Not only did jurors promise to weigh the evidence carefully, but when asked if the Bush administration lied in the run-up to the war, they were ruthlessly fair and balanced. “I don’t believe in that stuff you have to go to the right person,” said the giggly, 30ish travel agent. “There are three sides to a story: his side, her side, and the truth.” One woman who thought Bush had not been “candid” nevertheless said it wouldn’t affect her ability to judge evidence in this case.

All jurors seemed predisposed to buy the defense argument that memory can be a funny thing. “We get so bogged down in so much going on that you can … sometimes to be pretty sure about something [that might not have actually happened],” said a middle-aged woman who was selected. Of course, the challenge for the defense is convincing the jury that Libby had the most extraordinarily resilient false memory. Repeated questioning by the FBI and grand jury could not shake his story.

The last time we were in court, the process of picking the 12 jurors and four alternates ground slowly, but Monday the blockage cleared. None of the eight jurors interviewed by the lawyers had conflicts, and no one knew any of the players. Those who did get bounced had the good manners to do it quickly. They made it immediately clear that they couldn’t get past their dislike of the Bush administration. They were in and out of the box in about a minute.

The day’s smooth glide to a jury was briefly interrupted after lunch for a debate over the last stage of jury selection. The first four days of questioning created a pool of potential jurors. From that pool, defense attorneys could strike 10 jurors, and prosecuting attorneys could exclude six. Lawyers could use those peremptory challenges without explaining their reasoning. Each side also had the power to chuck two alternates. It’s like picking teams in a very complicated pickup game.

When lawyers tried to clarify the rules for the process with the judge, everyone seemed to get confused. Would jurors be divided into two pools (jurors and alternates) before the peremptory challenges started or as the process continued? This would influence the way in which the teams used their strikes. The lawyers and the judge had different views of the rules. “I’m sorry to be a geek about this,” said Fitzgerald, explaining his opinion of how the order should work. Judge Walton grabbed an enormous book and looked up the rule.

Libby’s lawyers, laughing, asked for more time to reorder their list. “We were working over the weekend [about how the selection would work],” said Wells. “We have to revisit how the world looks.” This would not have given me confidence, if I were Libby.

The process for discarding jurors was opaque. The lawyers didn’t say out loud who they wanted cast off. Instead they handed the clerk a list, and she read it with no indication of which side sent the ejection order. The prosecution presumably struck the two women who said they had a hard time believing anyone would lie. The defense team presumably got rid of the man whose wife worked as a criminal prosecutor, since he might have sympathy for Patrick Fitzgerald’s team.

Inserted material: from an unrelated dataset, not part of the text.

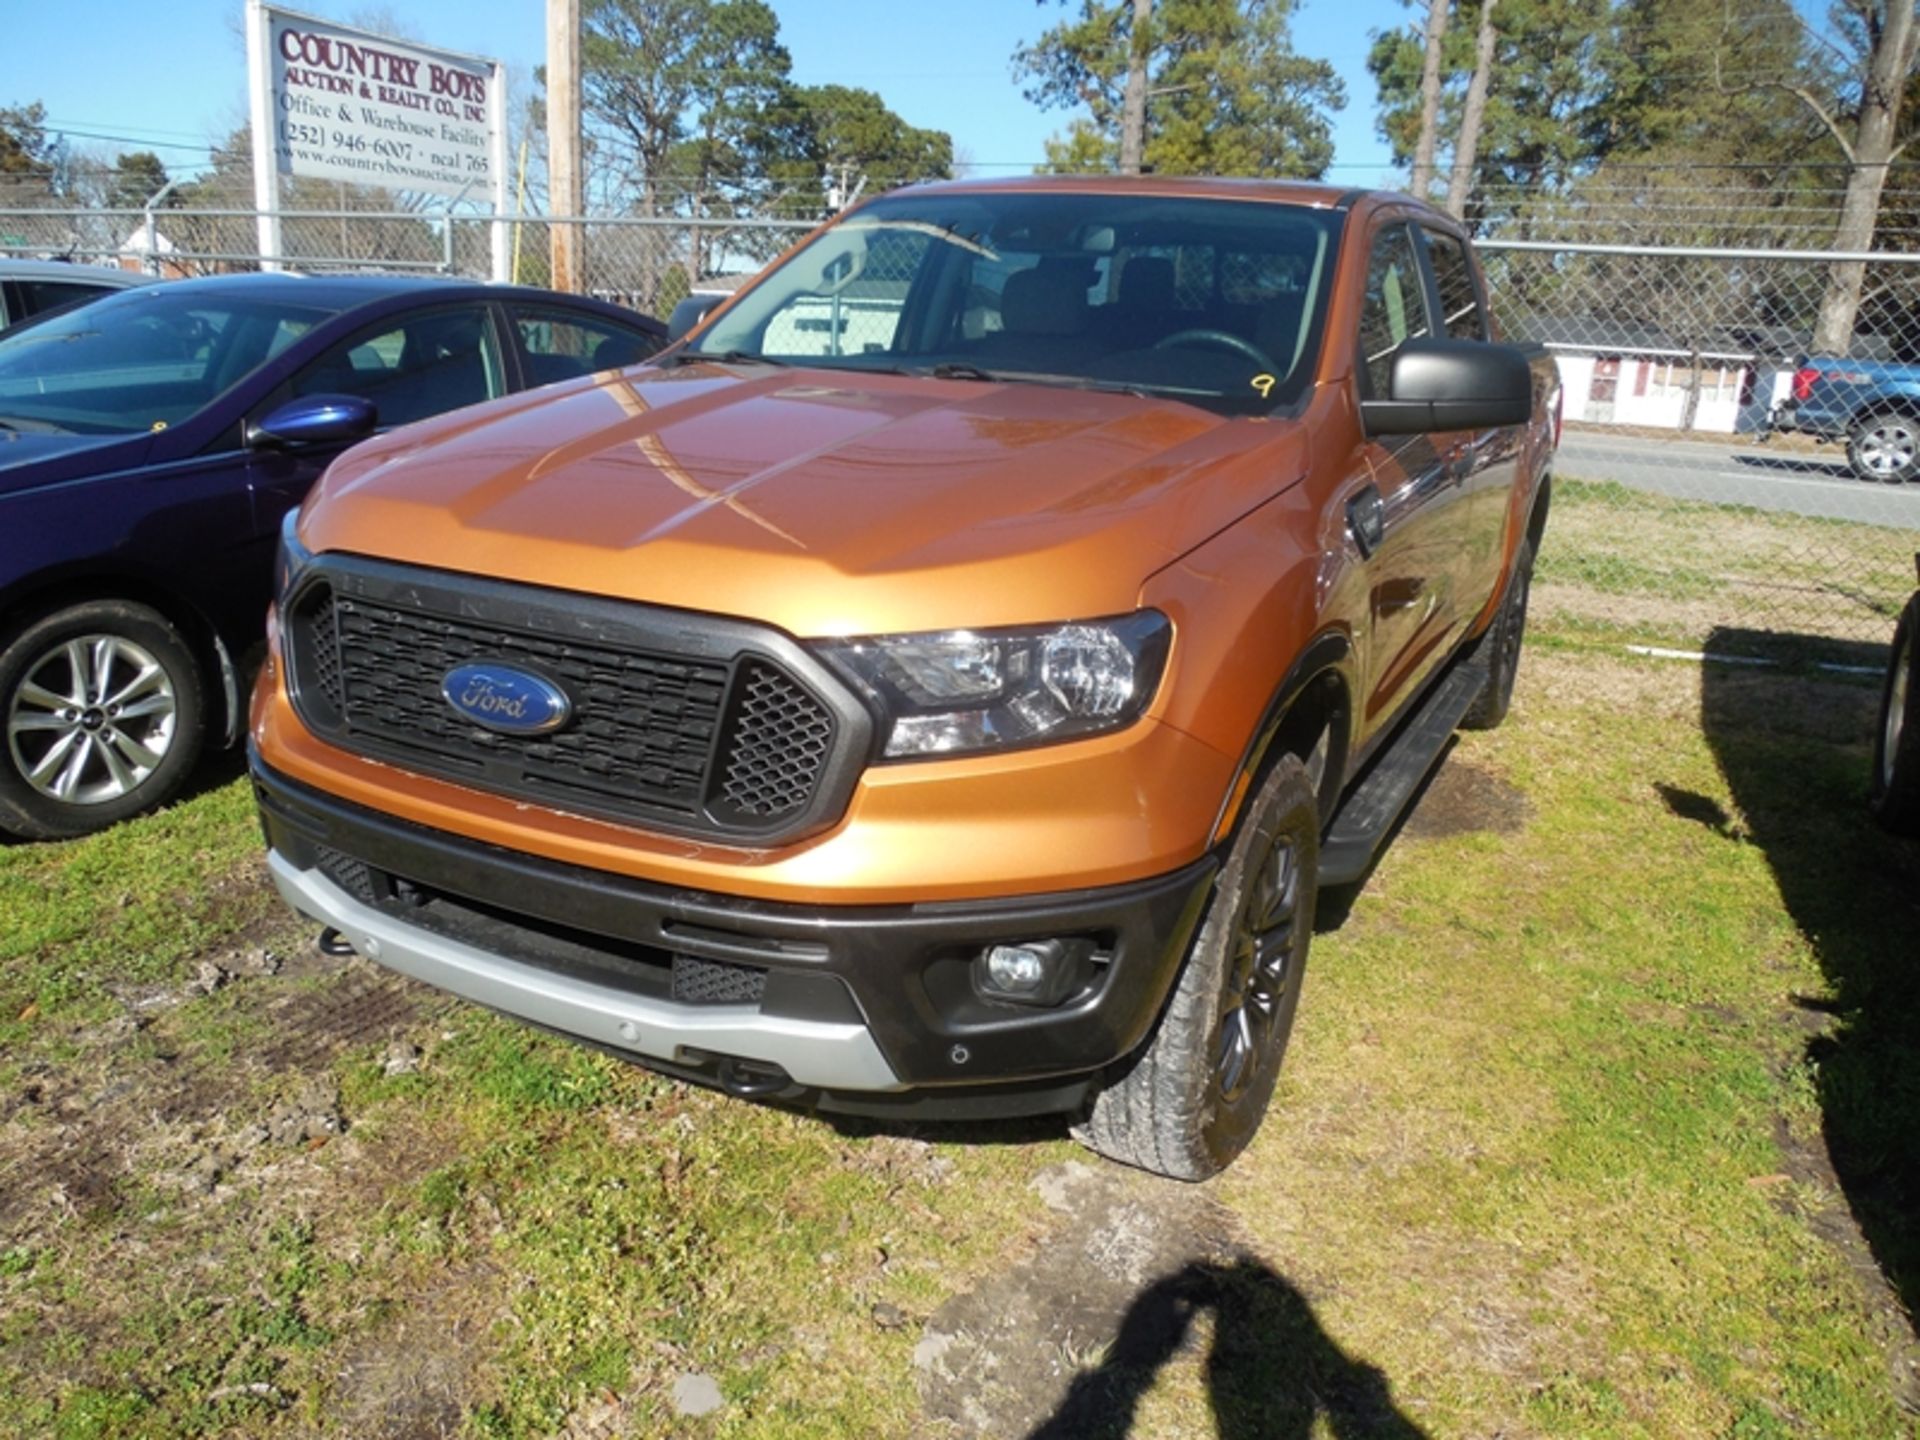 2019 FORD Ranger XLT pickup - crew cab, 4WD, bed cover, 12,230 miles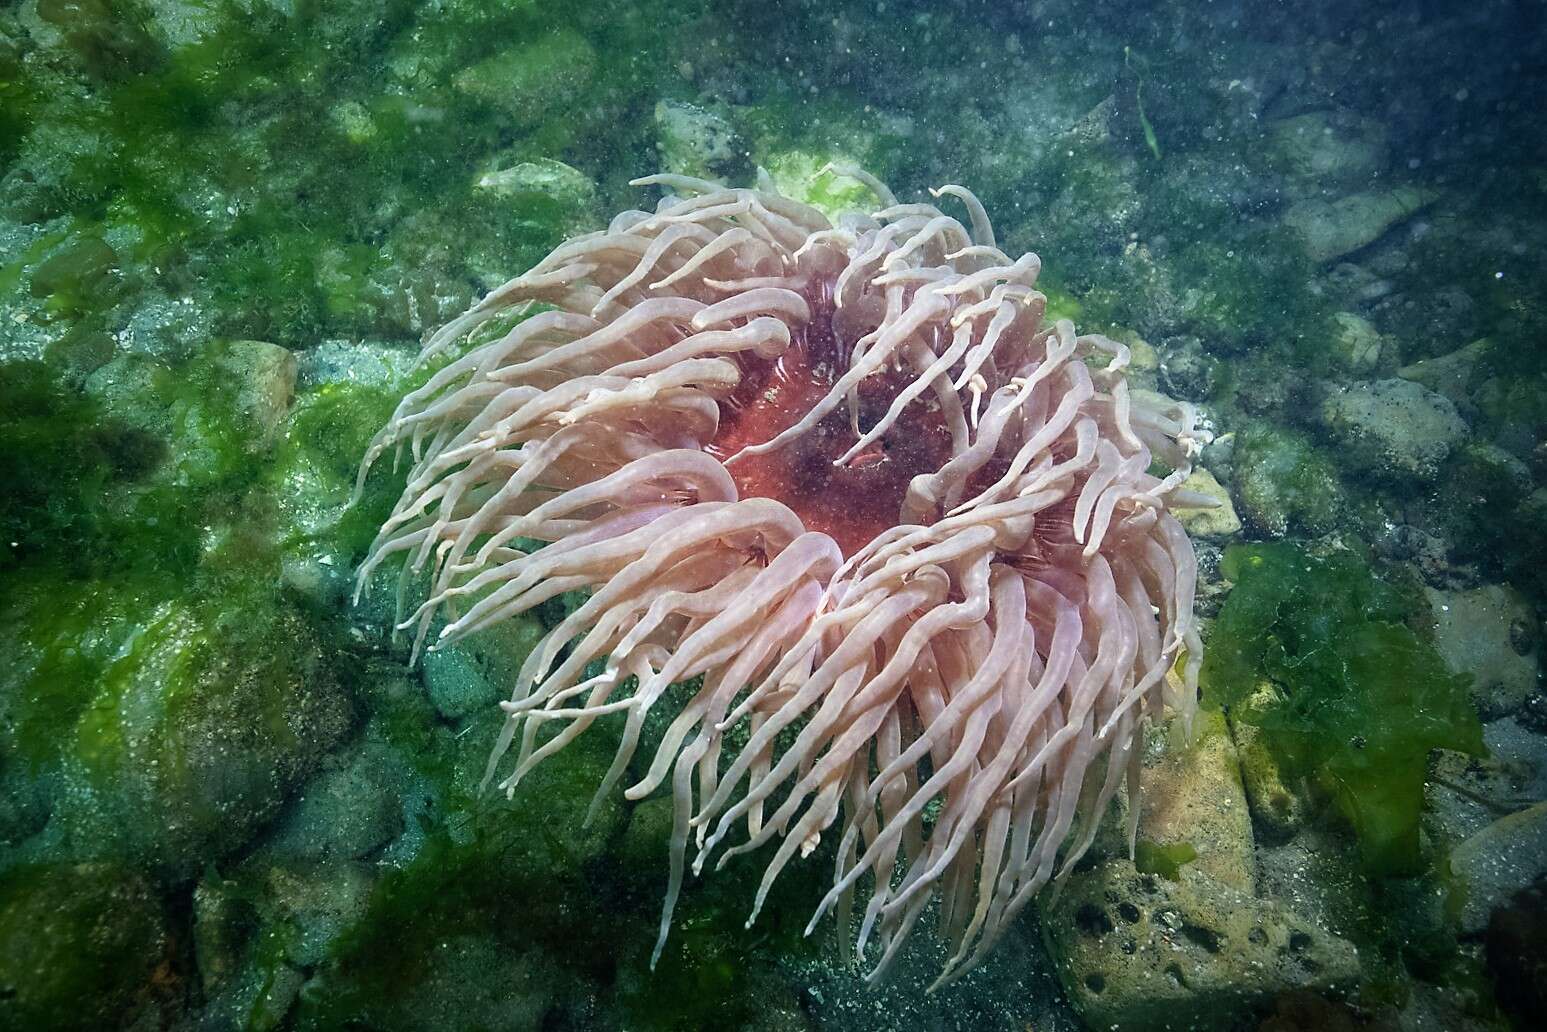 Image of crusty red anemone

Tomorrow both sides will offer their opening statements, and the press will surge into the courtroom, free from the little room in which we have been sequestered for the jury-selection process. And then we, like Libby, will be able for the next six weeks to study the faces for some clue about whether they think the vice president’s former chief of staff was lying or simply had a disastrously faulty memory.